40 minutes
6 servings
Medium
CALORIES (PER SERVING)
479 kcal
Nothing like a comforting dish that evokes Italian family nights, with aromas of frying bacon and melting cheese. The Carbonara Ravioli is this classic delight adapted, perfect for a cozy dinner. In just 40 minutes, you prepare this stuffed pasta with a creamy sauce based on eggs, bacon, and parmesan, yielding 6 generous servings. Ideal for those who love authentic flavors without complications, try it and surprise your guests with this carbonara ravioli homemade and irresistible.
Carbonara Ravioli – Today we’re going to prepare this Italian delight with stuffed pasta wrapped in a creamy egg sauce, crispy bacon, and grated parmesan. Ready in 40 minutes for 6 generous servings, it results in a silky texture and irresistible smoky flavor. Shall we try it?
Ingredients for Carbonara Ravioli
- ½ kg of ravioli – Italian stuffed pasta that serves as the base to absorb the creamy carbonara sauce, ensuring authentic texture and flavor.
- 1 tablespoon of olive oil – Used to sauté the ingredients, adding a subtle fruity touch without altering the dish’s balance.
- 1 chopped onion – Essential for flavoring the initial sauté, providing natural sweetness to the sauce.

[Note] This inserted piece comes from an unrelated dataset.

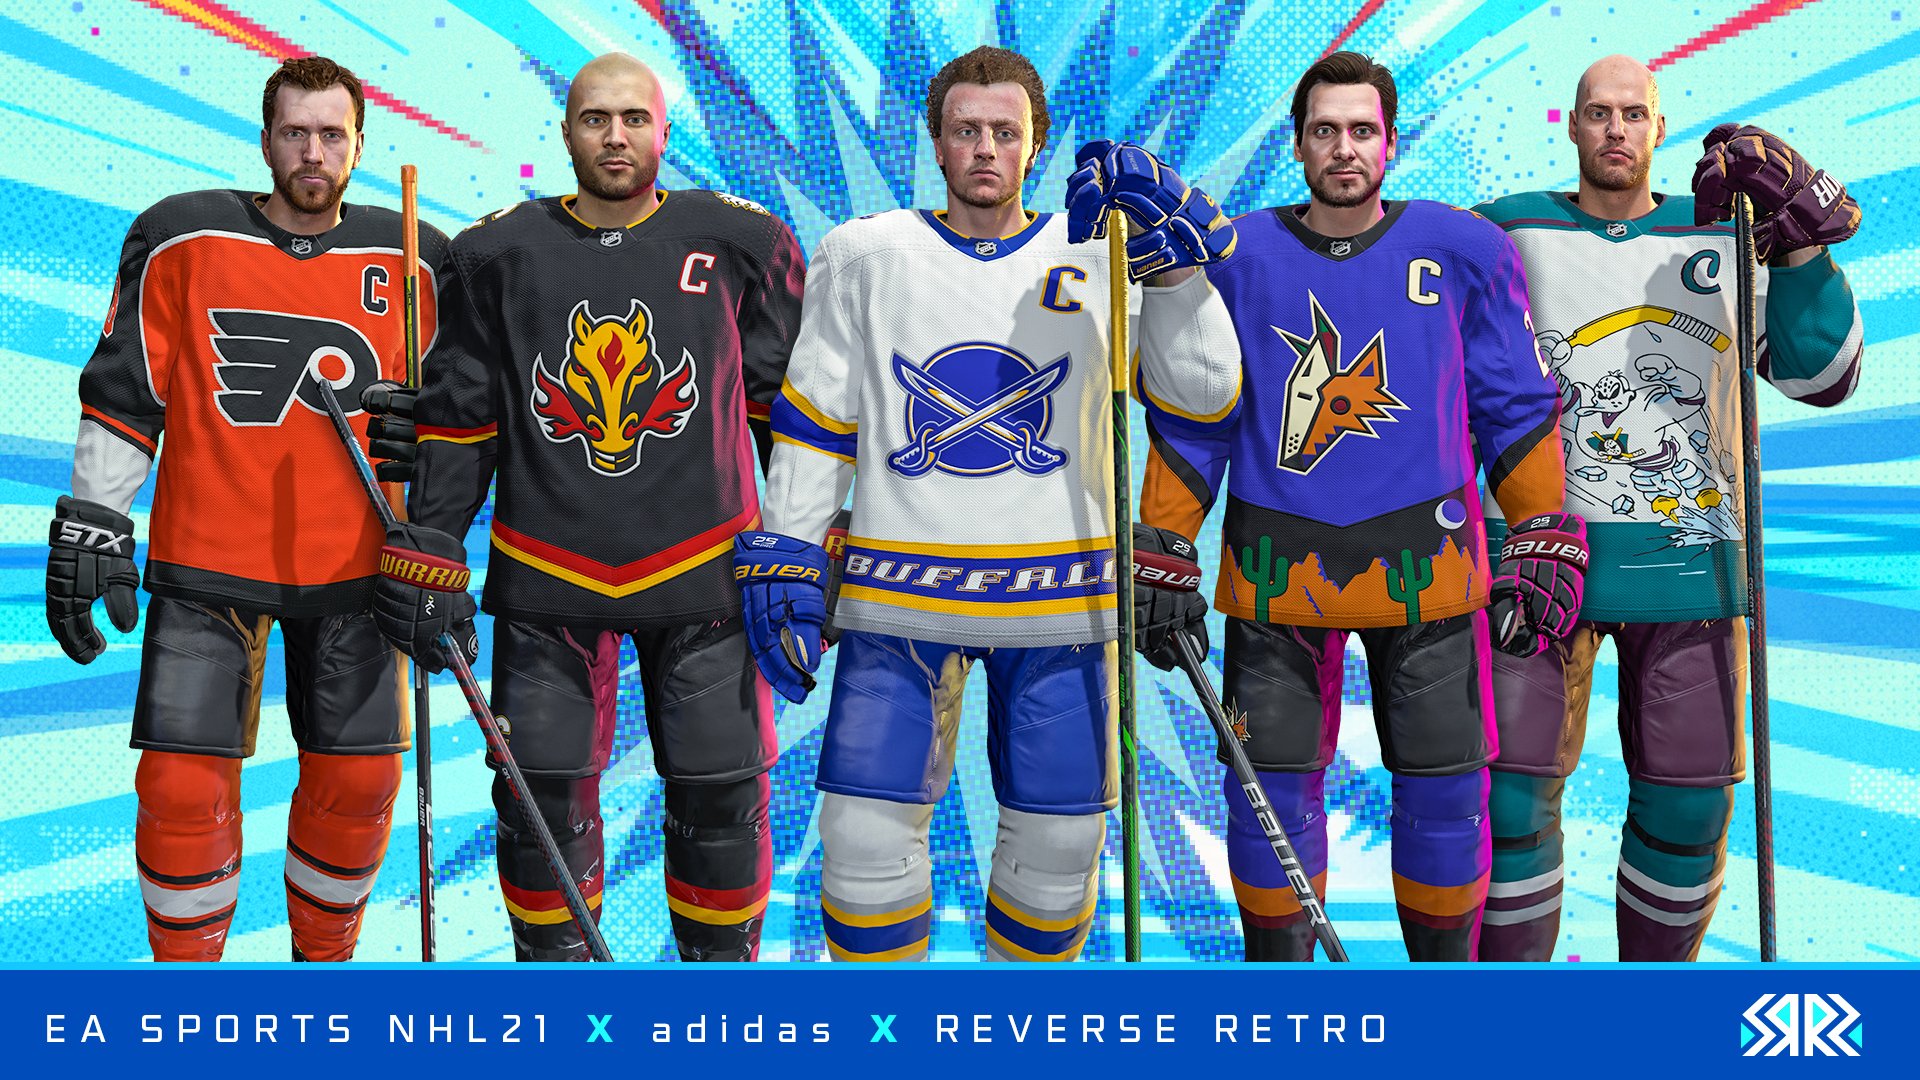 Coolest custom jersey you've ever created? : r/EA_NHL

- 2 chopped garlic cloves – Enhance the salty and aromatic flavor, preventing the dish from lacking depth.Substitution: Garlic powder (1 teaspoon) if fresh is not available.

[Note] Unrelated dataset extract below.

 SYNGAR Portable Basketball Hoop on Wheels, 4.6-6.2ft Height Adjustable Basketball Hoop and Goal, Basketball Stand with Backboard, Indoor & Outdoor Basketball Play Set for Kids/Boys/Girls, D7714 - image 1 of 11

- 2 chicken bouillon cubes – Intensify the umami in the sauce, simulating a homemade broth to enhance the bacon and egg flavors.
- 200 g of bacon – Crispy and smoky protein that is the heart of carbonara, releasing fat to cream the sauce.Substitution: Pancetta or cured ham for a more traditional Italian version.
- 1 teaspoon of oregano – Dried seasoning that adds fresh herbaceous notes, balancing the richness of the cheese and eggs.
- White pepper to taste – Provides subtle spiciness and refined aroma, without the black particles that could interfere with the presentation.
- 1 tablespoon of chopped parsley – Finishes the dish with freshness and vibrant color, contrasting with the sauce’s creaminess.
- 7 eggs – Create the creamy base of the carbonara sauce, essential for the silky texture without using cream.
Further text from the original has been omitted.